WHAT IS NEEDED:
Pictures are to be left out. Return exactly the lines below from the one with "Shop Tissot Men's" up to and including the one with "Ω:=sin^2 α+sin^2 β+sin^2".

TASK MATERIAL:
======
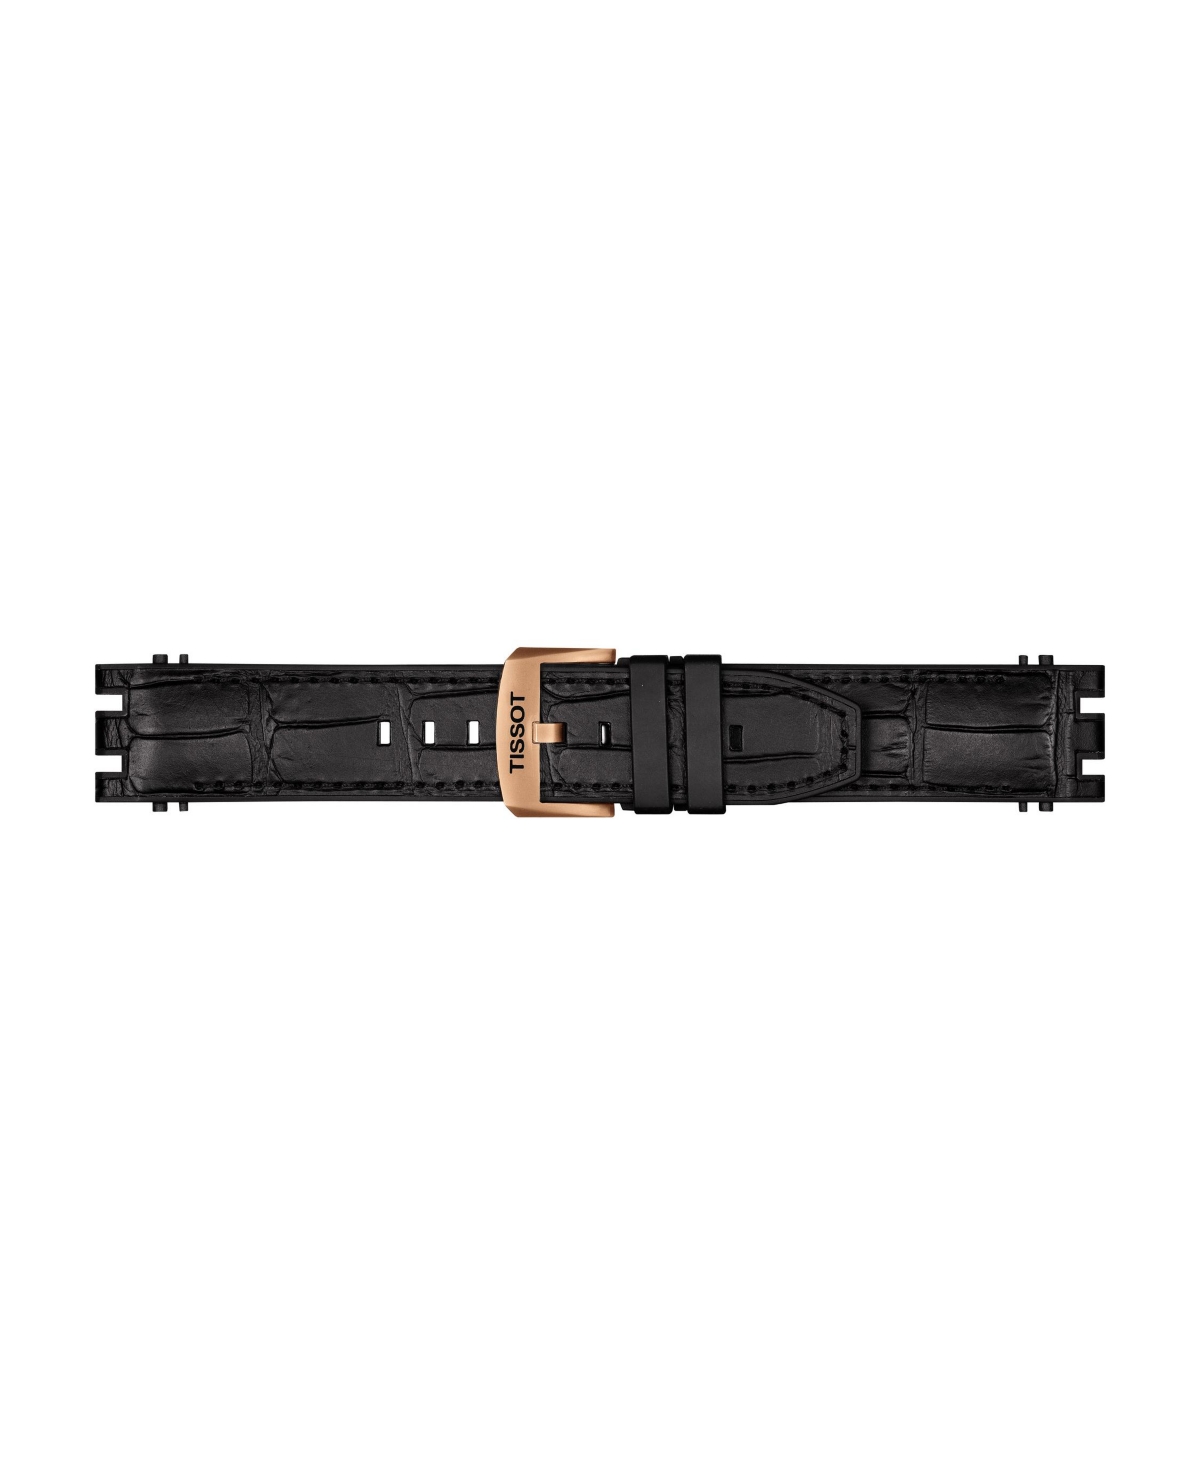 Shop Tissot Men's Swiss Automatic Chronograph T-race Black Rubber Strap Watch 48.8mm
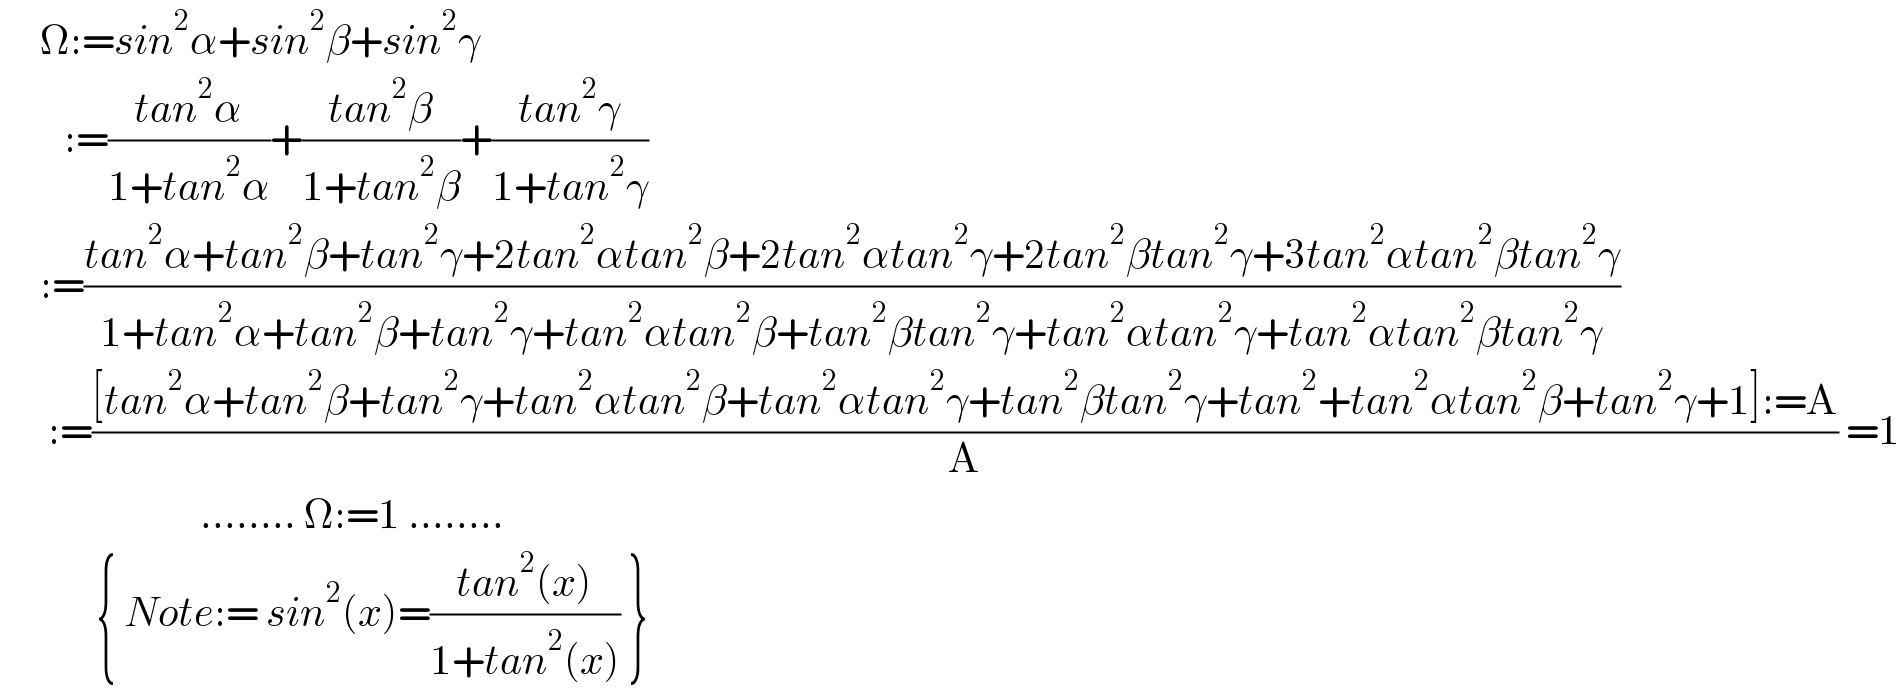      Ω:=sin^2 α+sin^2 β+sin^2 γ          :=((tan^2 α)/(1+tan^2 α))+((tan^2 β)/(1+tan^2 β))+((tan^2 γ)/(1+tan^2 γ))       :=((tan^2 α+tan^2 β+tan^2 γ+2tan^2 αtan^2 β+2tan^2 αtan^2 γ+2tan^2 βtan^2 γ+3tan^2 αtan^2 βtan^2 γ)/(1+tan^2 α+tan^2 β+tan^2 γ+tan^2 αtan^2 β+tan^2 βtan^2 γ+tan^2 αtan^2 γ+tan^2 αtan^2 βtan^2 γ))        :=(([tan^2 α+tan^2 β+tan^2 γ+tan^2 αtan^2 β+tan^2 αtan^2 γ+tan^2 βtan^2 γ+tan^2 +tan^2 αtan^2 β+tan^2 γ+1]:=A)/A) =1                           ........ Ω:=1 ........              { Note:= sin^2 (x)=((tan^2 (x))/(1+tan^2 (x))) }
======
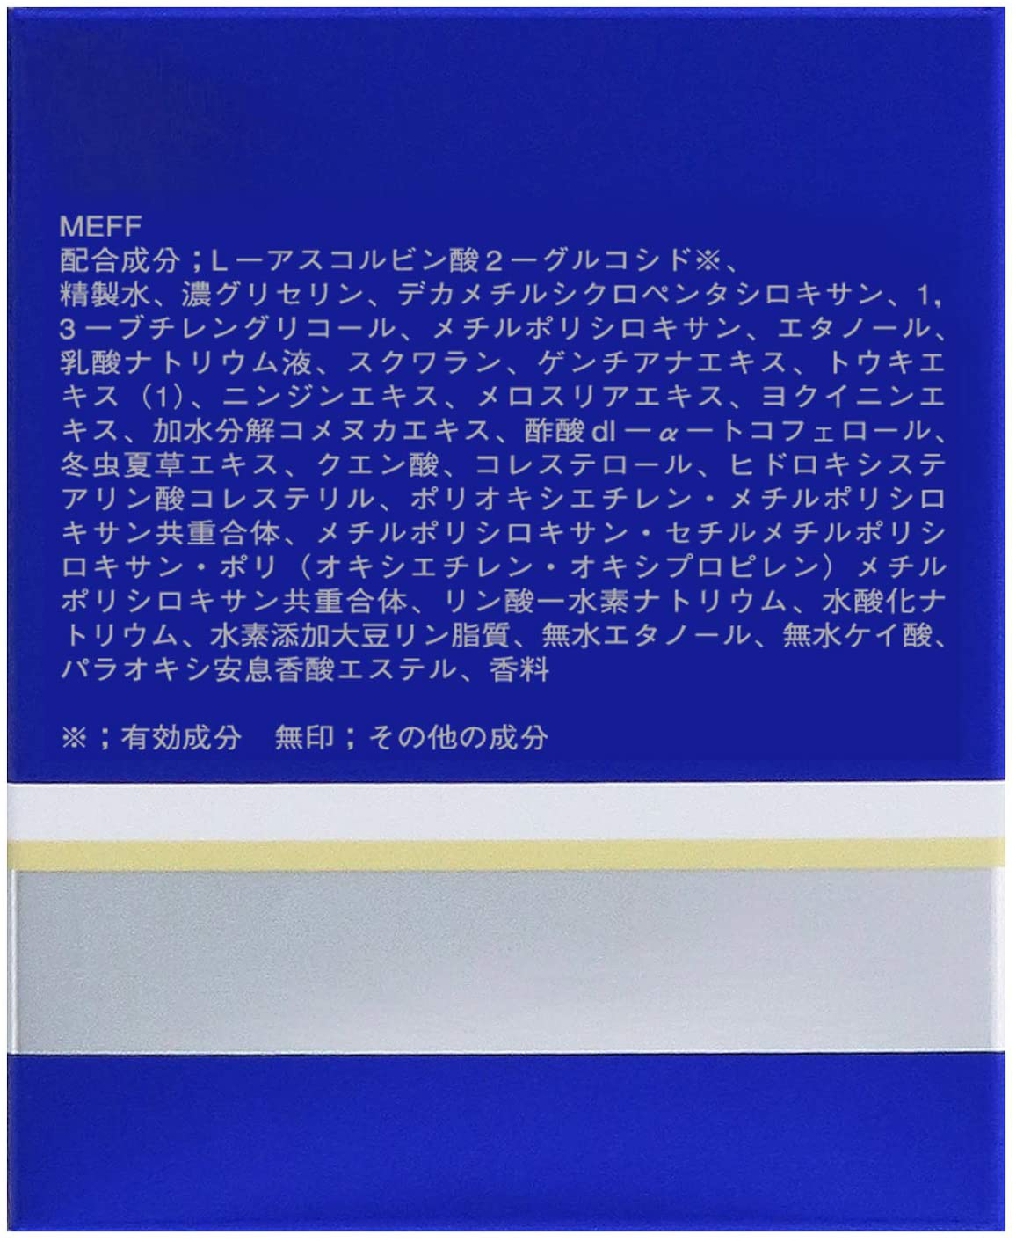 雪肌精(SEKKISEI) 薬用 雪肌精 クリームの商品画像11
======
EXERCISE RESPONSE:
 Shop Tissot Men's Swiss Automatic Chronograph T-race Black Rubber Strap Watch 48.8mm
      Ω:=sin^2 α+sin^2 β+sin^2 γ          :=((tan^2 α)/(1+tan^2 α))+((tan^2 β)/(1+tan^2 β))+((tan^2 γ)/(1+tan^2 γ))       :=((tan^2 α+tan^2 β+tan^2 γ+2tan^2 αtan^2 β+2tan^2 αtan^2 γ+2tan^2 βtan^2 γ+3tan^2 αtan^2 βtan^2 γ)/(1+tan^2 α+tan^2 β+tan^2 γ+tan^2 αtan^2 β+tan^2 βtan^2 γ+tan^2 αtan^2 γ+tan^2 αtan^2 βtan^2 γ))        :=(([tan^2 α+tan^2 β+tan^2 γ+tan^2 αtan^2 β+tan^2 αtan^2 γ+tan^2 βtan^2 γ+tan^2 +tan^2 αtan^2 β+tan^2 γ+1]:=A)/A) =1                           ........ Ω:=1 ........              { Note:= sin^2 (x)=((tan^2 (x))/(1+tan^2 (x))) }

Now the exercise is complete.